Bankrupt crypto lender Genesis, along with its parent company Digital Currency Group (DCG), has reached an agreement that could potentially end an ongoing lawsuit seeking to recover $620M in repayments from DCG. Simultaneously, a federal judge has sanctioned crypto lending firm Voyager Digital and its affiliates, mandating a payment of $1.65B in monetary relief to the United States Federal Trade Commission (FTC). Additionally, Tether, the world's largest stablecoin issuer, has announced collaboration with the Department of Justice (DoJ) to aid in freezing the tokens linked to alleged crimes. In the same vein, Tether has also onboarded the United States Secret Service into its platform and is working closely with the Federal Bureau of Investigation (FBI).

3. Blockchain Technology

The International Monetary Fund (IMF), the World Bank, the Bank for International Settlements (BIS), and the Swiss National Bank have initiated a groundbreaking collaboration to explore the tokenization of "promissory notes" used by wealthier nations to make contributions to the World Bank's funds. The goal of the collaboration is to streamline financial processes and accelerate the transfer of funds to developing economies.

In Switzerland, the world's first commercial settlements of tokenized digital securities transactions was completed last week. A real wholesale Central Bank Digital Currency (CBDC) issued by the Swiss National Bank was utilized to enable the settlements on a fully regulated Distributed Ledger Technology (DLT)-based financial market infrastructure (FMI) for digital assets.

4. Payments

Last week, Swift announced the successful launch of the European Payment Council's One-Leg-Out Instant Credit Transfer scheme (OCT Inst). This development enables 24/7 processing of payments to and from Europe, marking a substantial leap forward in real-time payment capabilities. The live implementation follows a successful proof of concept earlier this year, conducted in collaboration with Iberpay, the European Payments System, and major banks spanning Spain, Australia, Brazil, and the UK.

5. AI

The recent AI agreement among France, Germany, and Italy, advocating for voluntary regulation of foundation models of AI, has sparked growing criticism. Amnesty International's Secretary General, Agnes Callamard, expressed concerns on November 27, asserting that concerns about stifling innovation are mere rhetoric from a small faction of tech companies aiming to dictate the "AI rulebook."

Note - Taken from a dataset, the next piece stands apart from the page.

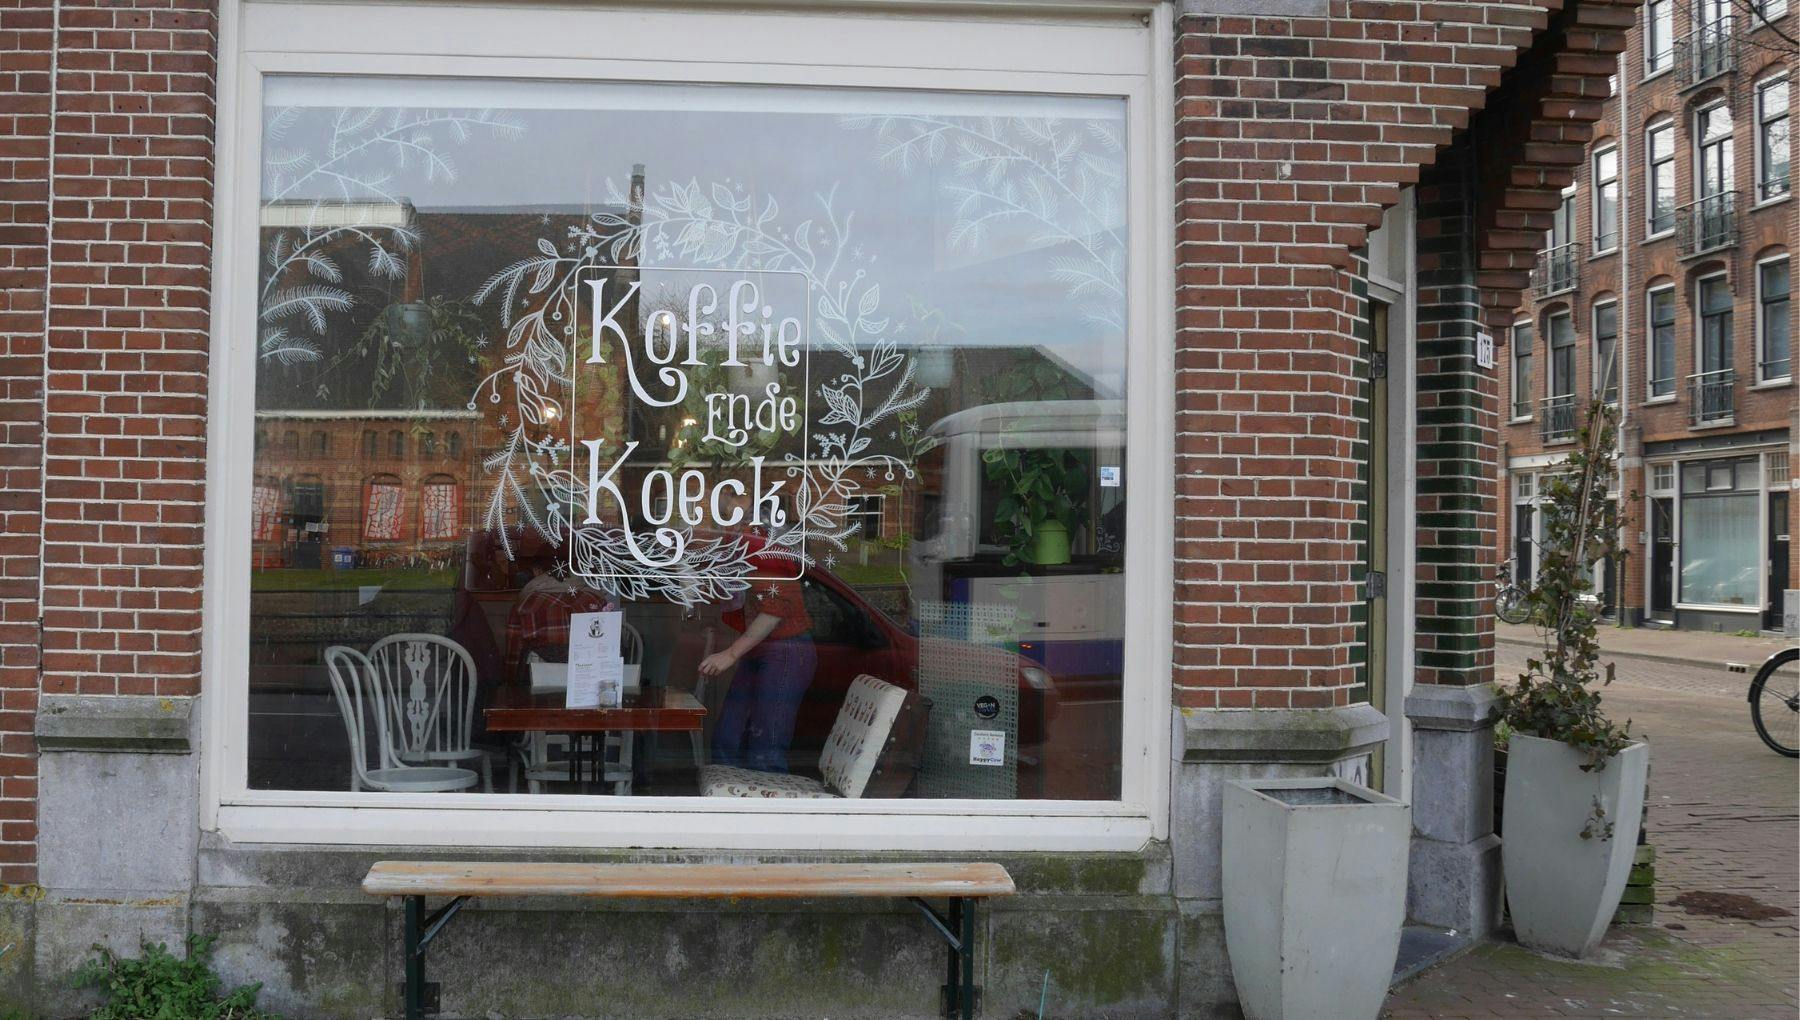 Koffie ende Koeck café exterior

A new AI initiative called the Data and Trust Alliance, comprising over two dozen companies, including fintech giants like American Express and Mastercard, introduced data provenance standards to delineate the origin, history, and legal rights over data used in AI models. The framework is mainly designed to aid businesses adopting AI models and is less applicable to extensive language models trained on public web-scale datasets.

The UK National Cyber Security Centre (NCSC), the U.S. Cybersecurity and Infrastructure Security Agency (CISA), and 21 other cybersecurity organizations released a non-binding framework addressing the intersection of AI, cybersecurity, and critical infrastructure. The collaborative framework, although not binding, will be open for other countries to join.